DE958023C - Process for the production of aromatic carboxylic acids - Google Patents

Description

ISSUED FEBRUARY 14, 1957

H18577 IVb j ISO

It is known that phthalic acid can be converted into benzoic _{acid by splitting off CO 2.} For this purpose, phthalic anhydride or phthalates are heated to high temperatures in the presence of water. The formation of carboxylic acids other than benzoic acid has not been observed in these known processes.

It has now been found that, in addition to benzoic acid, other valuable benzenecarboxylic acids can also be used can be prepared from phthalic acid by using a dry sodium salt of phthalic acid heated to high temperatures. In addition to sodium benzoate, depending on the conditions varying amounts of the sodium salts of other benzenedicarboxylic acids, e.g. B. terephthalic acid, besides the sodium salts of benzene tricarboxylic acids.

The reaction is not limited to the use of phthalic acid alone. Other aromatic ortho-dicarboxylic acids, e.g. B. the chlorophthalic acids and the methyl-phthalic acids and naphthalenedicarboxylic acid-1,2 can be subjected to this reaction will. Just like the ortho-dicarboxylic acids, other cyclic anhydrides can be formed aromatic dicarboxylic acids such as peri-dicarboxylic acids, e.g. B. naphihalic acid or diphenic acid, by heating their dry sodium salts into other valuable aromatic carboxylic acids

be guided. In order to achieve a reaction which is sufficiently rapid for technical purposes, temperatures above 350 ⁰ are generally required; Furthermore, it is necessary to prevent the salts from oxidizing in the absence of oxygen. work.

If desired, you can work in the presence of a protective gas. Here in particular the presence of carbonic acid or nitrogen proved advantageous. With these protective gases can you may also work under pressure in the autoclave.

It is advisable to stir the sodium salts when they are heated by stirring devices uniform heating of the contents of the container to ensure .. Moisture should be avoided.

The upper working temperature is just through

the decomposition temperature of the organic. Salts

ao given. Generally one should. a temperature Do not exceed 500 °, as this would result in excessive carbonization.

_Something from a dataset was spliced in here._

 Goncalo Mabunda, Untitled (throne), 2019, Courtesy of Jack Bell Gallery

It is not necessary as a starting material

to use pure sodium salt. Rather, the starting salt can also be mixed with inert substances, e.g. B.

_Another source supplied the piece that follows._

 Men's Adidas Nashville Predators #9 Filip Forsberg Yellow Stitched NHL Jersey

Stone or porcelain balls, sand, metal powders, metal shavings, pieces of metal, also mixed with coke be. But you can also add inert salts,

z. B. sodium carbonate, sodium sulfate, sodium chloride or potassium sulfate.

It is not necessary to start from the finished sodium salt of the dicarboxylic acids. One can also use reaction mixtures which give the sodium salts. So you can z. B. Mixtures aromatic dicarboxylic anhydrides such as phthalic anhydride or naphthalic anhydride, and Use soda. Also mixtures with the sodium salts of others formed during the reaction Carboxylic acids, e.g. B. sodium benzoate are suitable. The course of the reaction can be seen by adding of catalytic converters. Such catalysts are e.g. B. metals such as zinc or lead, furthermore Metal oxides, e.g. B. zinc oxide, iron oxide, manganese oxide, lead oxide or the salts of these heavy metals, z. B. with organic acids, especially those of the dicarboxylic acids used as starting material.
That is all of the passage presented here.